FH : Les secteurs d’activité ne sont pas encore connus mais il s’agira certainement des commerces alimentaires, domaine médical, transports, services funéraires… Il est en effet probable que les activités définies en annexe de l’arrêté du 15 mars 2020 soient concernées.
LPA : Pour les salariés de ces mêmes entreprises dites essentielles, le travail dominical est facilité. Dans quelle mesure ?
FH : Dans ces secteurs, sous réserve de validation par décret, il sera possible de déroger au repos dominical et de faire travailler les salariés le dimanche, sous réserve d’accorder un autre jour de repos hebdomadaire. Il est déjà prévu que la dérogation concernera les entreprises sous-traitantes qui assurent à celles faisant l’objet de la dérogation directe des prestations nécessaires à l’accomplissement de leur activité principale et qu’elle sera applicable dans les départements de la Moselle, du Bas-Rhin et du Haut-Rhin.
LPA : Un salarié soumis à ces nouvelles règles est-il en droit de refuser de les appliquer ? Risque-t-il un licenciement dans ce cas ?

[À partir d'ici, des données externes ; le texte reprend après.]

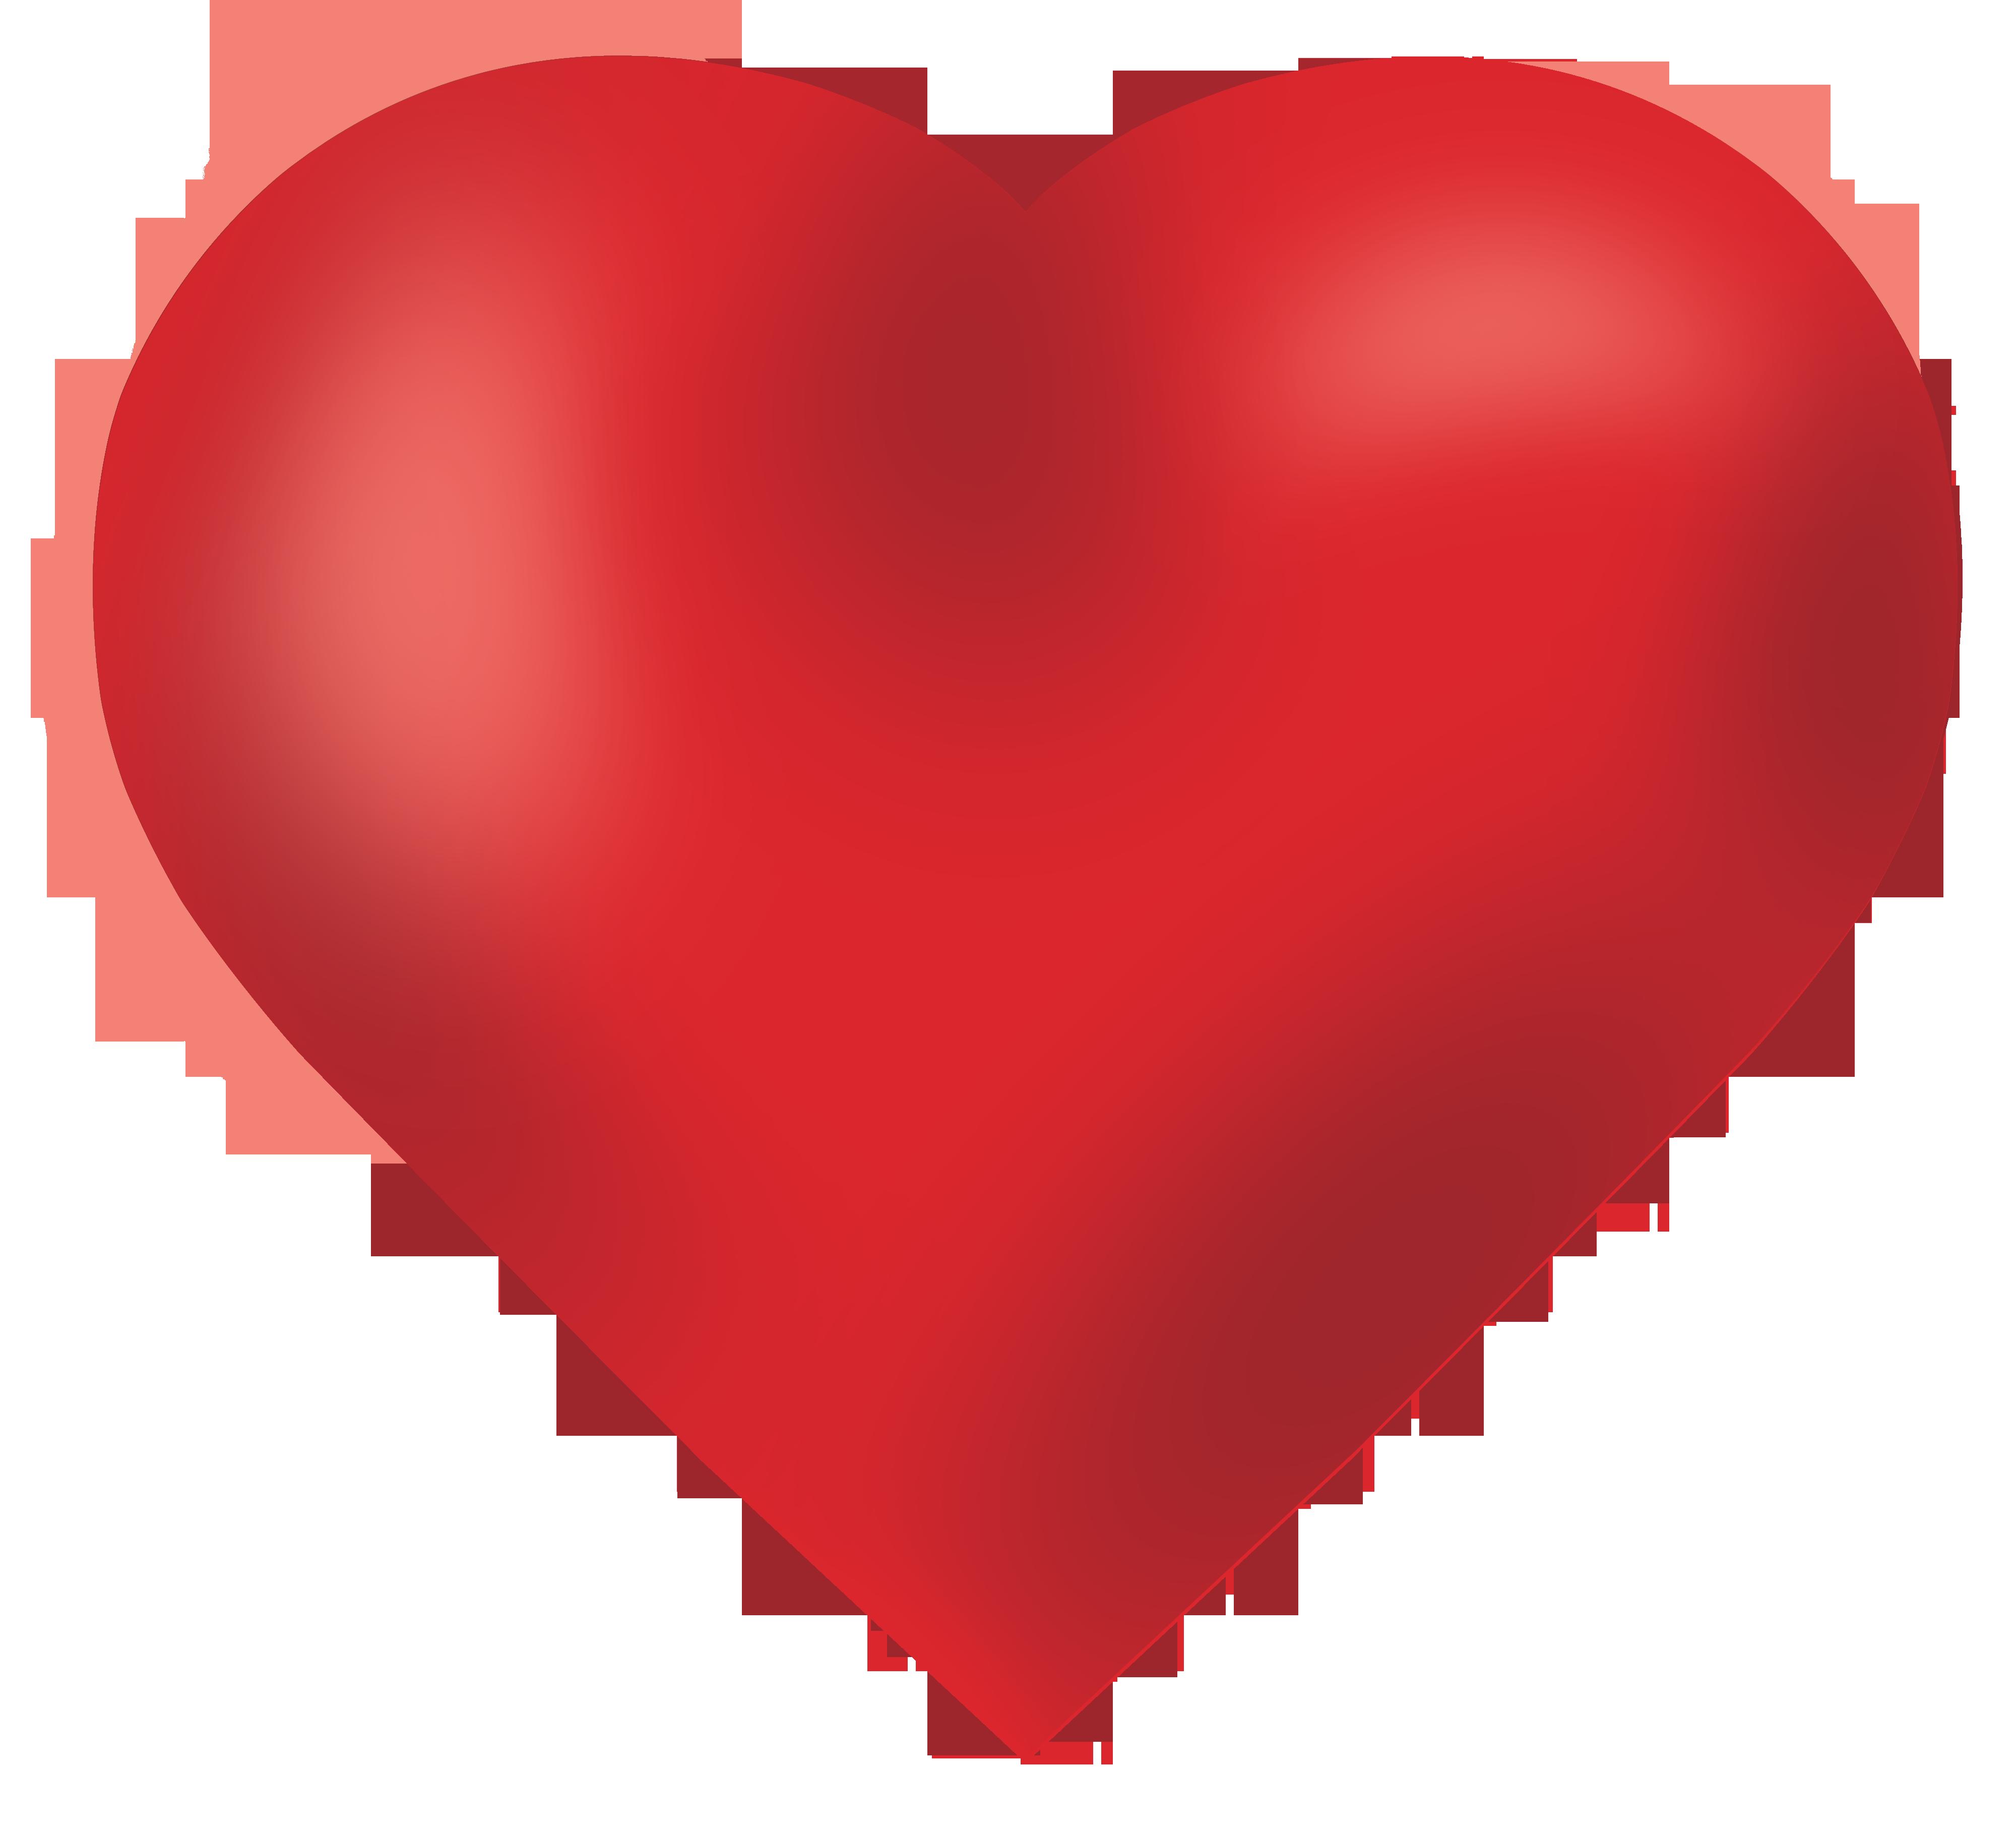 Love heart image png 8067 Free Transparent PNG Logos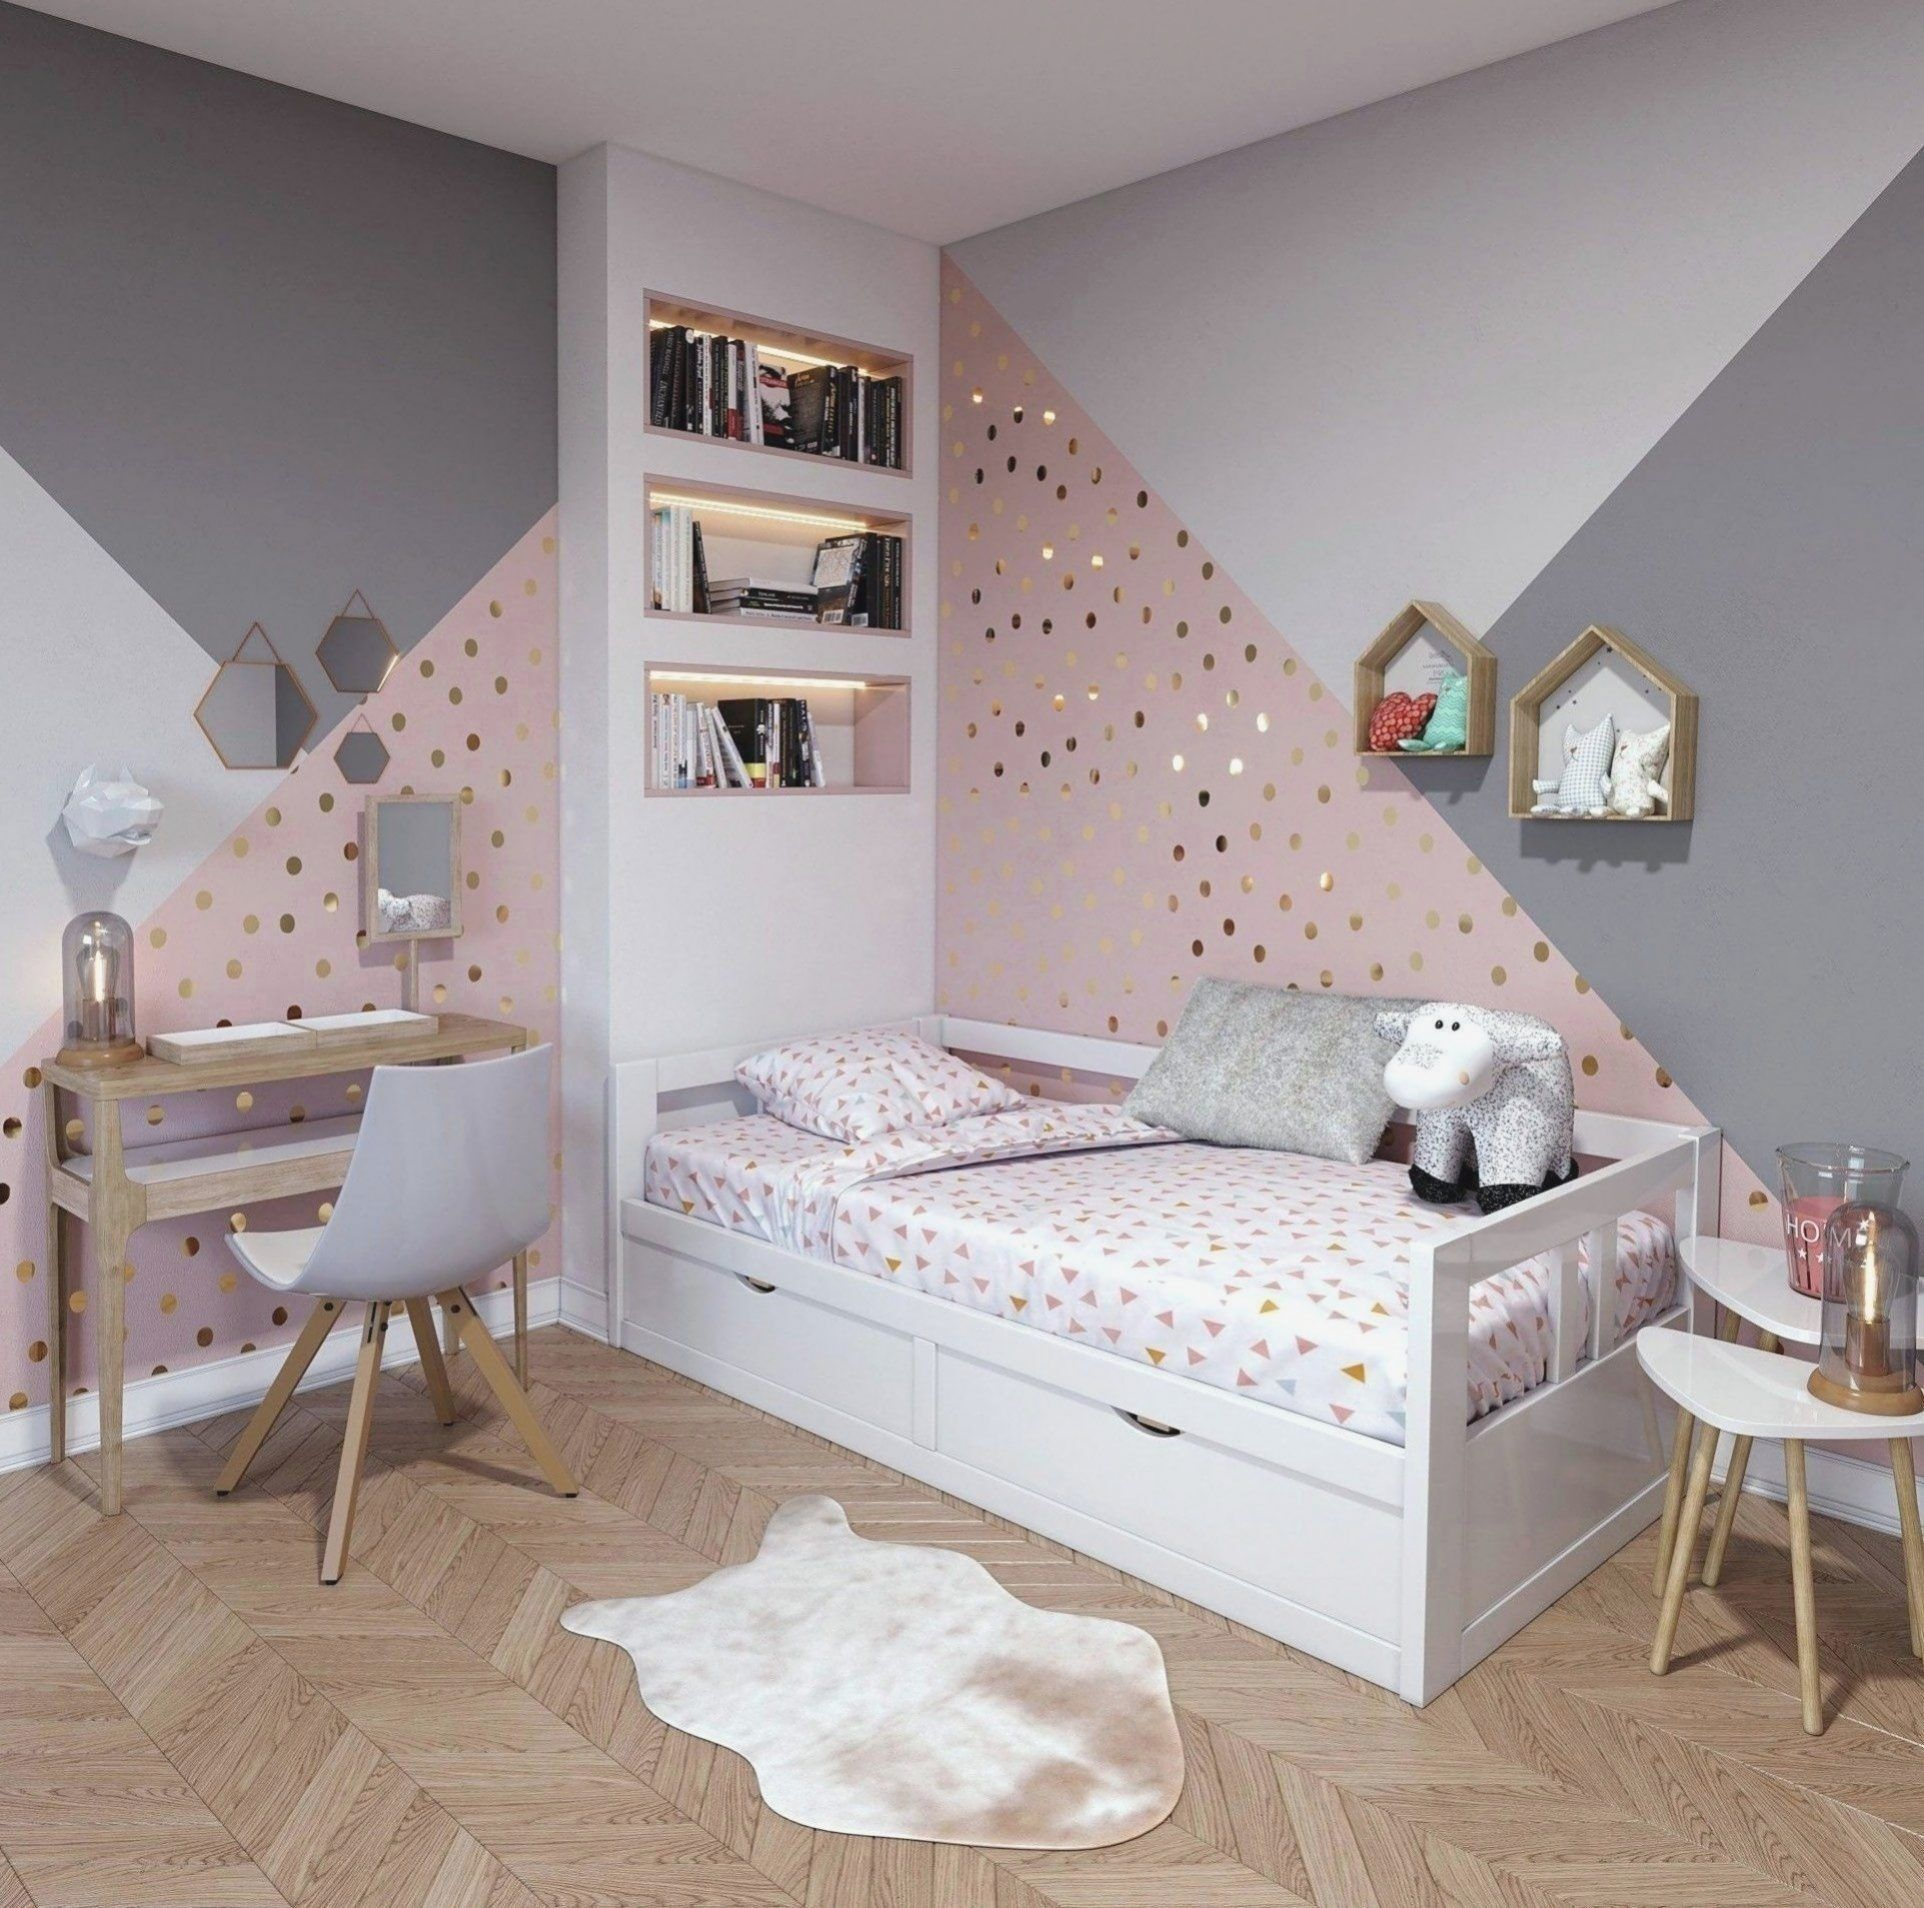 Deco chambre ado fille tonne blanc deco chambre ado fille tonne ...

FH : Un salarié qui refuse d’effectuer des heures supplémentaires ou de travailler le dimanche alors qu’il relève d’un secteur d’activité autorisé par un futur décret pourrait effectivement être sanctionné car il serait alors en position d’insubordination. Les entreprises peuvent aussi décider de faire appel en priorité aux volontaires et mettre en place des mesures incitatives plutôt que de sanctionner, pour autant qu’elles aient des effectifs disponibles en nombre suffisant pour assurer la continuité de l’activité.
LPA : Jusqu’à quand ces dispositions seront-elles appliquées ? La date du 31 décembre 2020 est mentionnée, ces mesures pourront donc s’appliquer au-delà de la crise liée au Covid-19 ?
FH : La date du 31 décembre 2020 peut effectivement sembler lointaine pour faire face à la situation exceptionnelle mais il est tout à fait probable qu’elle permette ensuite de faire face à la reprise d’activité après cet épisode d’urgence sanitaire comme évoqué précédemment.